HOW TO COMPLETE THIS TASK:
Please transcribe the listing below in full and word for word, without its pictures.

PROVIDED MATERIAL:

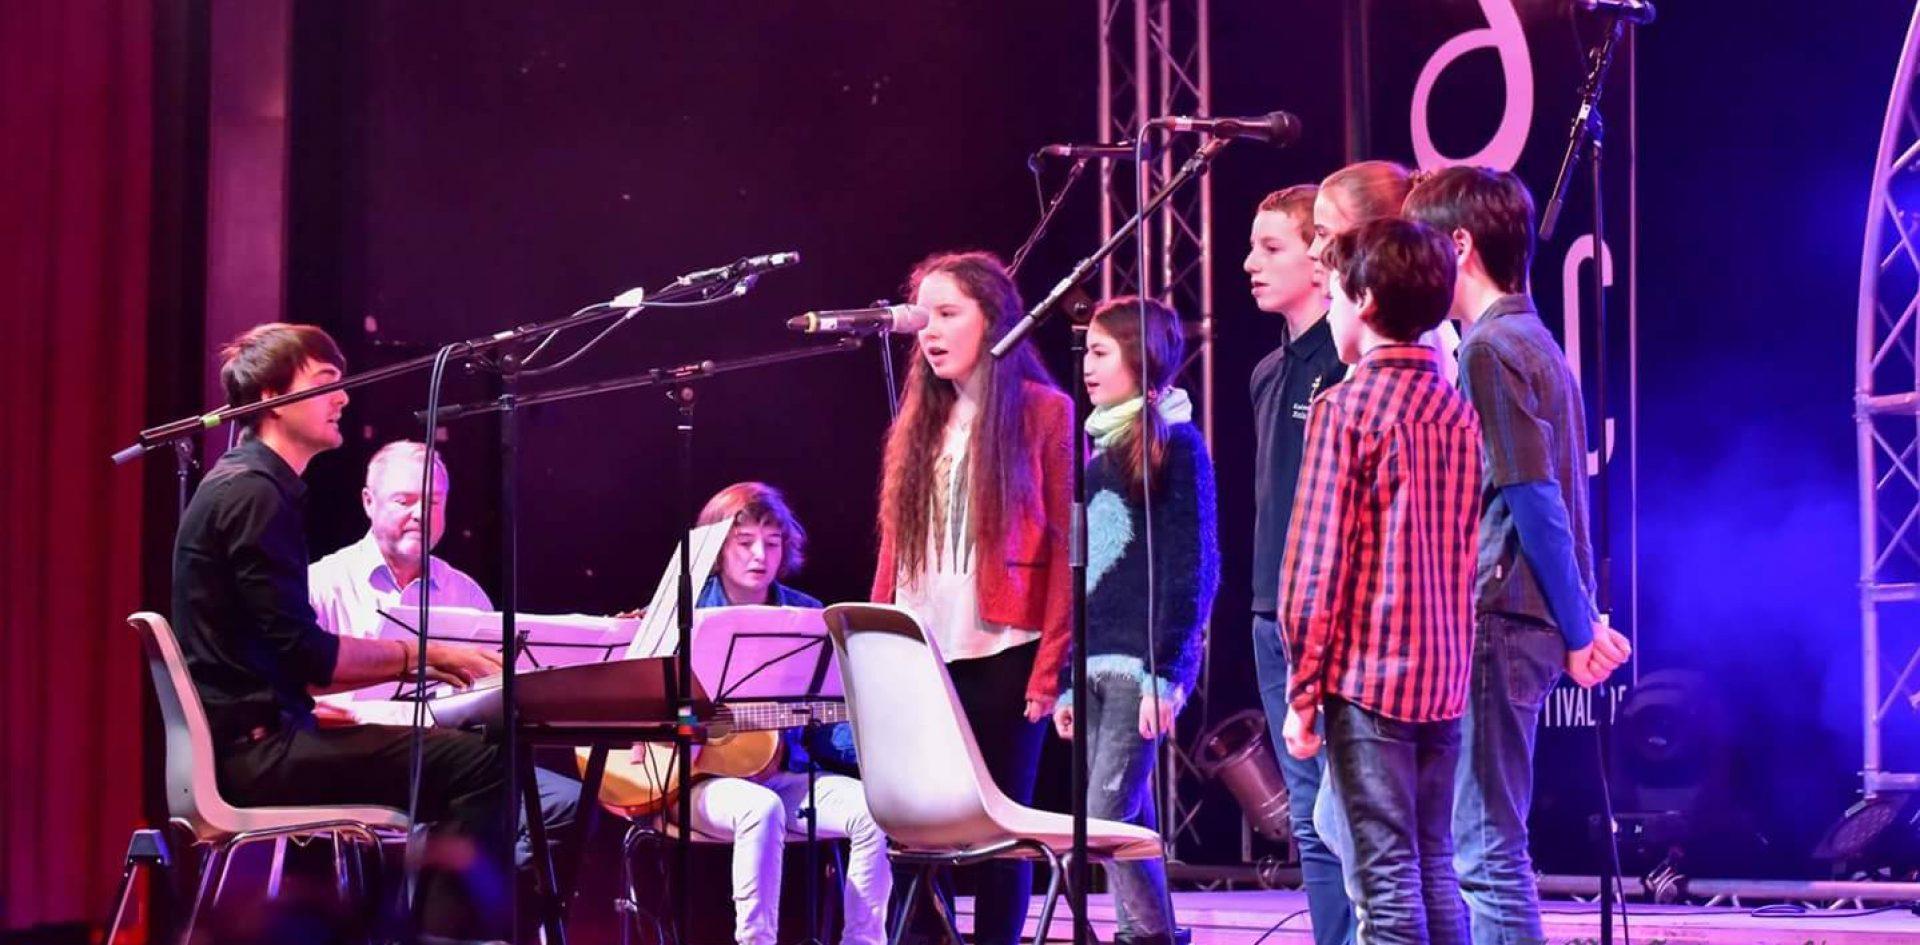 Gesangverein Harmonie Thierhaupten e.V.
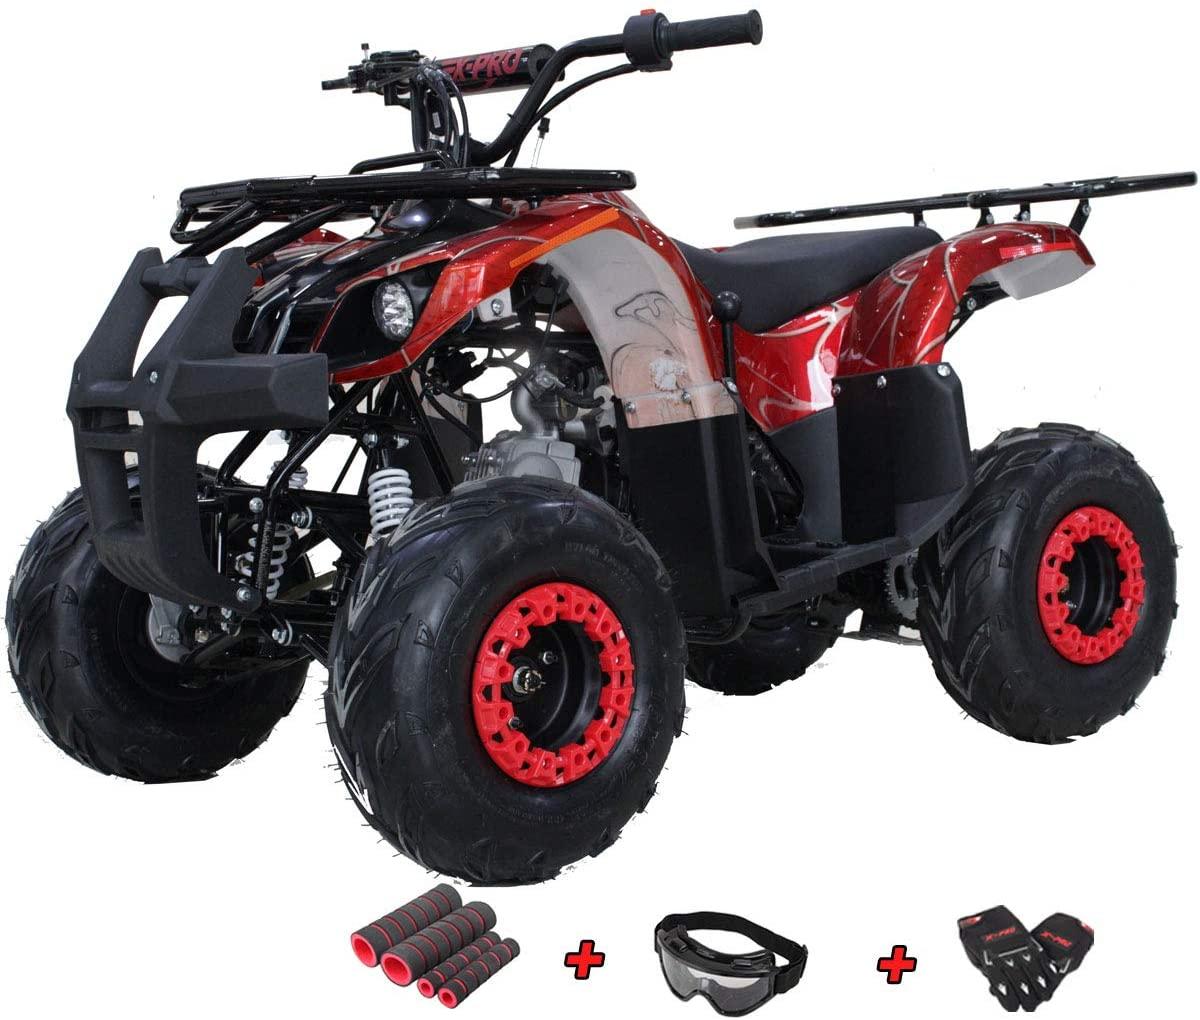 X-PRO Eagle 125 ATV Quad Youth 4 Wheeler ATVs Kid Size ATV 4 Wheelers 125cc Big Boys ATVs Quads with Gloves, Goggle and Handgrip (Spider Red)
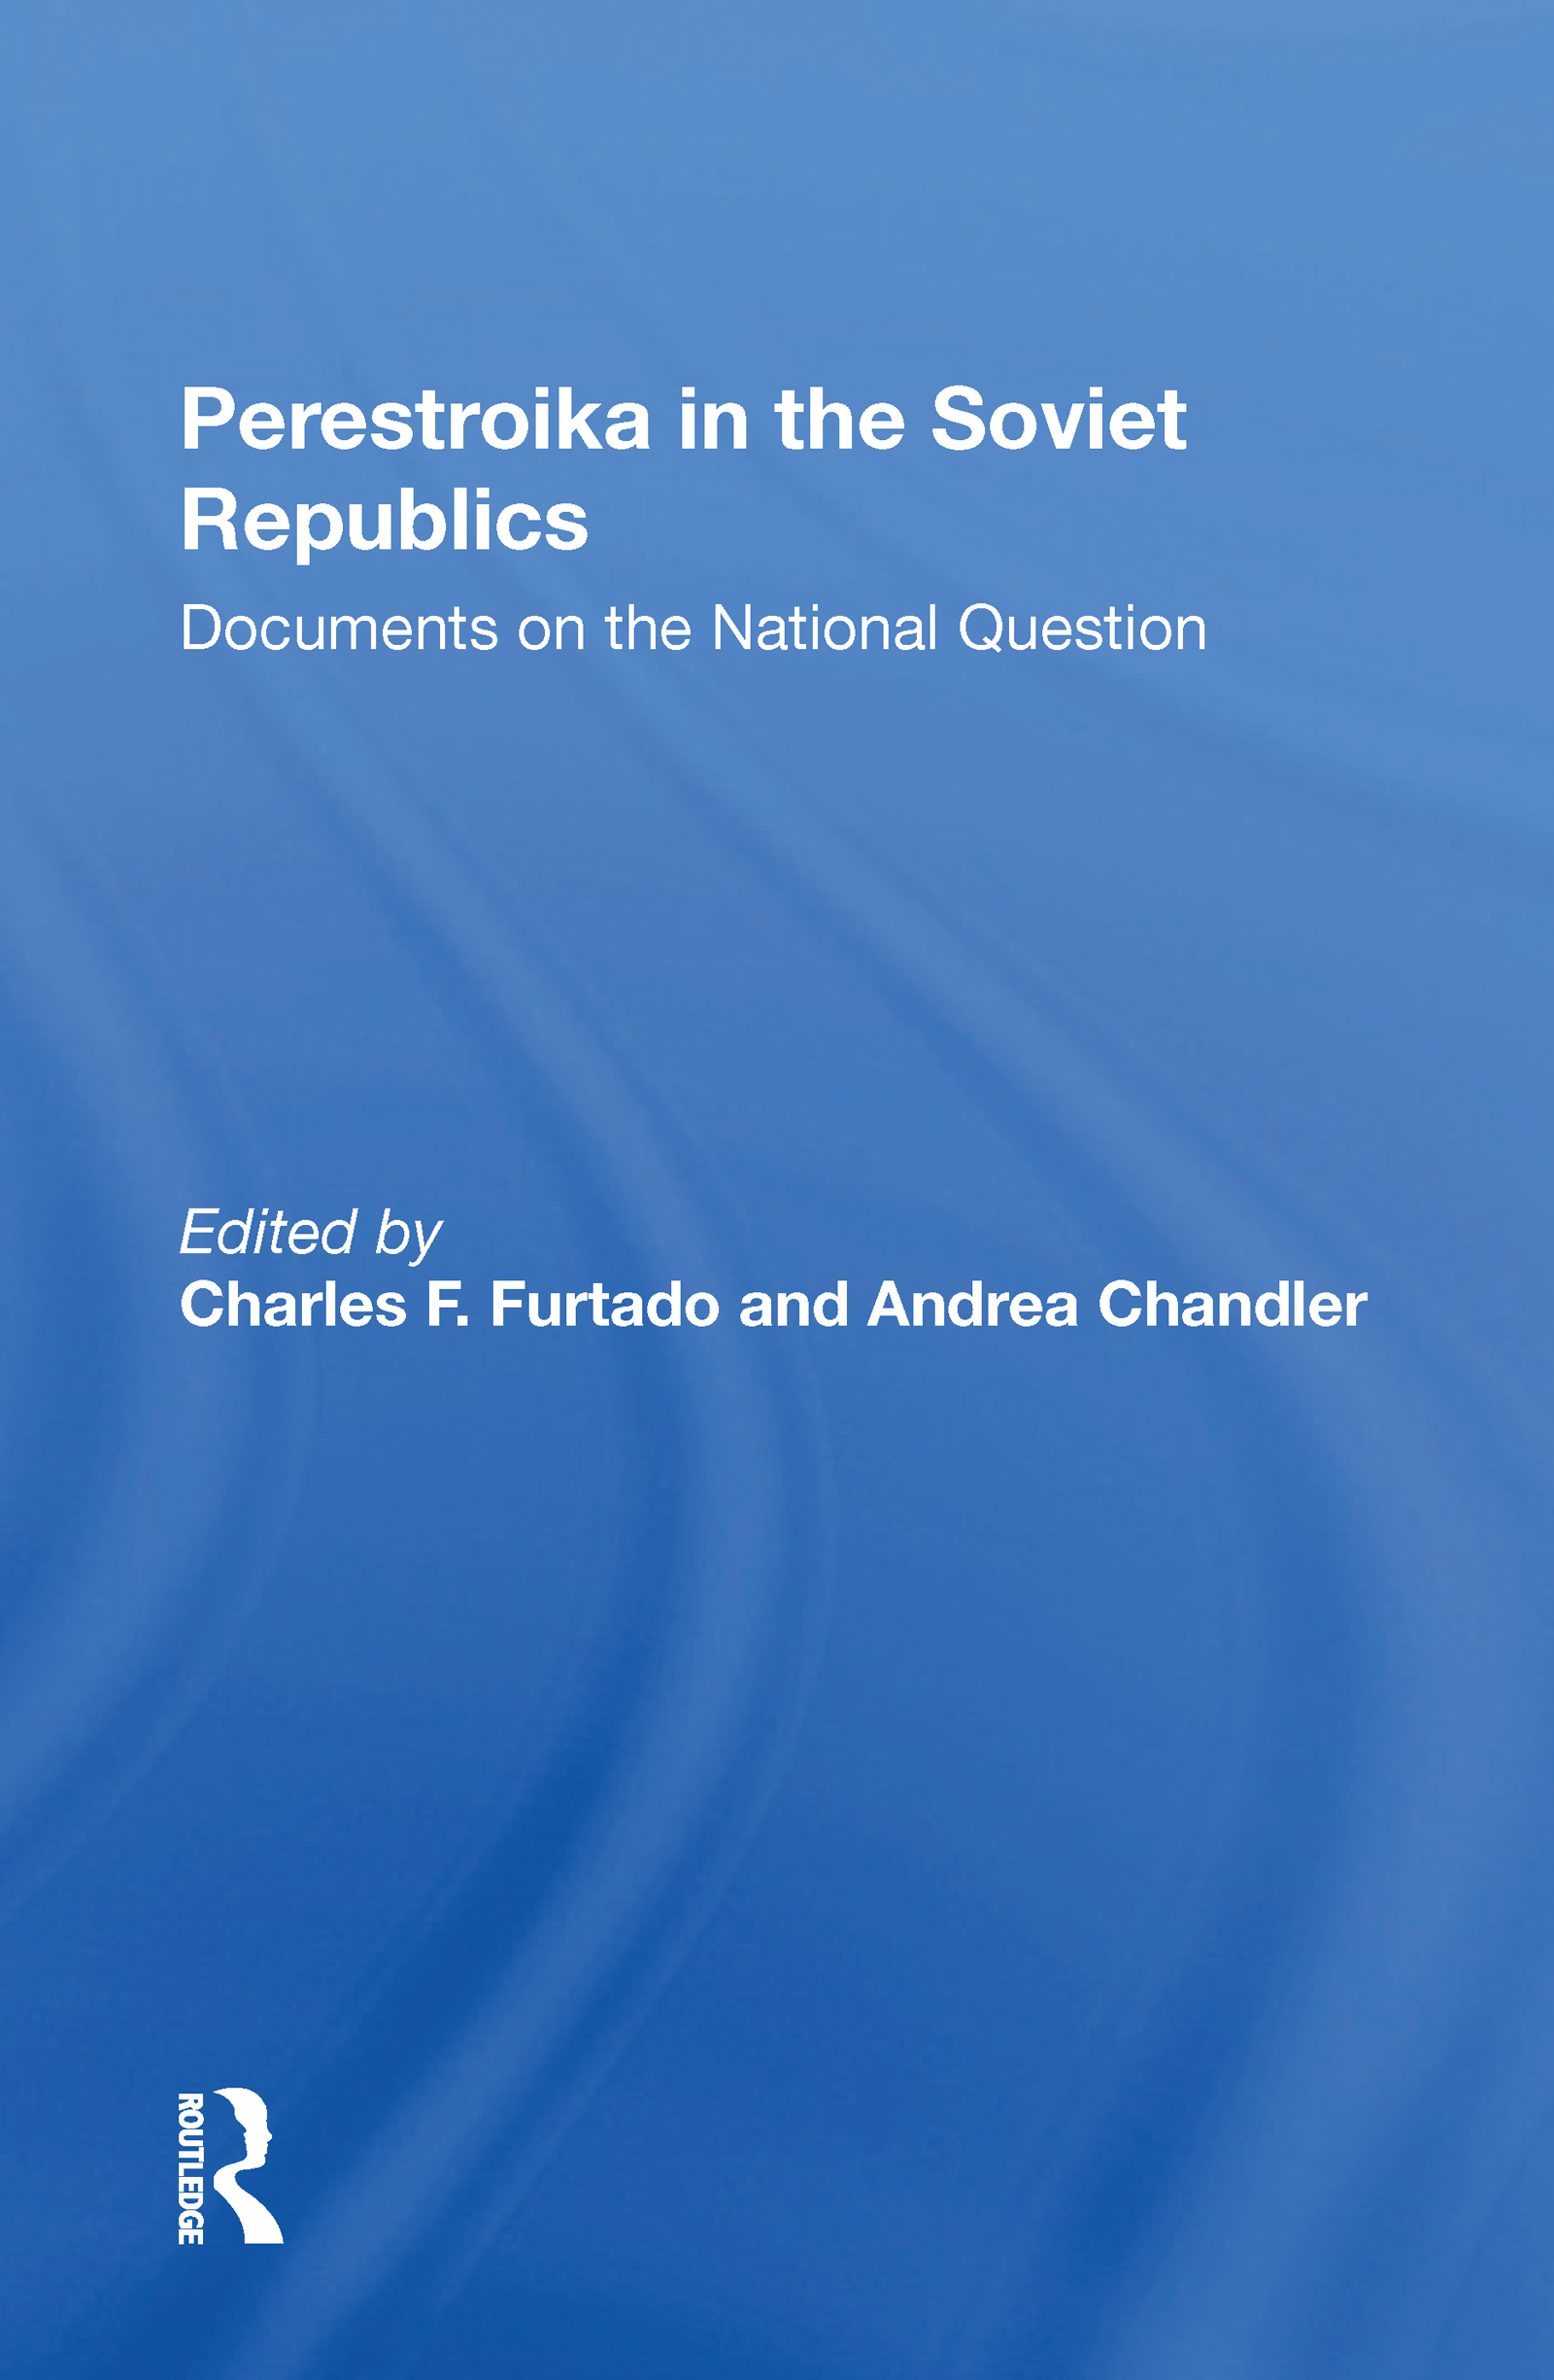 Perestroika In The Soviet Republics

RESPONSE AREA:
 Gesangverein Harmonie Thierhaupten e.V.
 X-PRO Eagle 125 ATV Quad Youth 4 Wheeler ATVs Kid Size ATV 4 Wheelers 125cc Big Boys ATVs Quads with Gloves, Goggle and Handgrip (Spider Red)
 Perestroika In The Soviet Republics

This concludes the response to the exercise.